A kind of processing method of the text representation based on bag of words
Technical field
The invention belongs to computer application field, the processing side of more particularly to a kind of text representation based on bag of words Method.
Background technology
At present, text-processing has been widely used in every field, and in general to text, it is necessary to be segmented, gone Stop words, low-frequency word, feature selecting, text is then represented, finally carry out classification processing.Different countries are for text-processing Research, acquired achievement are equally inconsistent.Relative to other countries, China falls behind relatively to the research and probe of text-processing, rises Step is also than later.

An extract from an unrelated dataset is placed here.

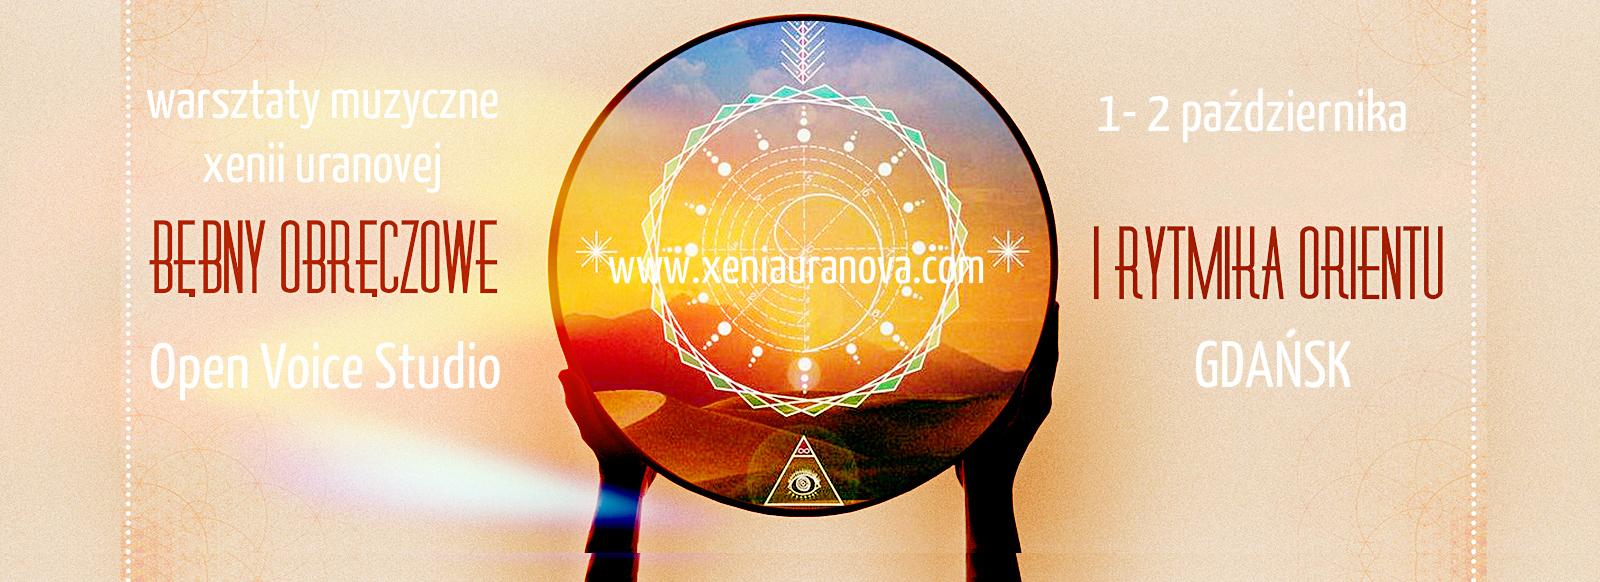 bebny_obręczowe_warsztaty_xenia_uranova

Word segmentation processing, due to having space as nature delimiter between English word, therefore no longer need to segment.However, When computer disposal Chinese text, it is necessary first to text is segmented, automatic word segmentation is to need computer will according to the meaning of one's words Sentence cutting is rational word.When handling natural language, be all using word as minimum unit, participle it is accurate Property directly affects the quality of text classification.
Feature selecting, if representing the text with all Feature Words in text, then the dimension of feature space is usual More than 100,000, the space of such higher-dimension can make computational efficiency very low, or even can not complete to calculate.In fact, have in the text The contribution of a little words is very weak, as adverbial word " " can all occur in nearly all text, can not as the feature of particular text, because This it is nonsensical to ensuing classification.Therefore need to choose the word that can represent text from text and form new feature Space, so as to reach the purpose of dimensionality reduction.
Text representation, the text of human intelligible is character encoding forms, and computer architecture is binary coded form, text The effect of this expression is how text code to be converted into computer code, and enables a computer to carry out text message Calculate.The selection of text representation directly influences the effect of text classification.Conventional text representation model is vector space model. But it is zero to have the weights of many Feature Words in vector space model, it is not so preferable to cause classifying quality, and the present invention proposes The feature weight in vector space model is changed, improves the degree of accuracy of classification.
Term vector is to expect to obtain the vector representation of each word with neutral net Natural Language Processing Models training text, Approach application for being called Word2Vec neutral net language model of Google's exploitation, this method can catch linguistic context letter Compressed data scale while breath.Word2Vec actually includes two kinds of different methods:Continuous Bag of Words And Skip-gram (CBOW).CBOW target is based on context to predict the probability of current term.Skip-gram just phases Instead:The probability of context (as shown in Figure 2) is predicted according to current term.Both approaches all by the use of artificial neural network as Their sorting algorithm.Originally, each word is a random N-dimensional vector.After training, the algorithm using CBOW or Person Skip-gram method obtains the optimal vector of each word.These present term vectors have captured the letter of context Breath, it can be used for predicting the heartbeat conditions of unknown data.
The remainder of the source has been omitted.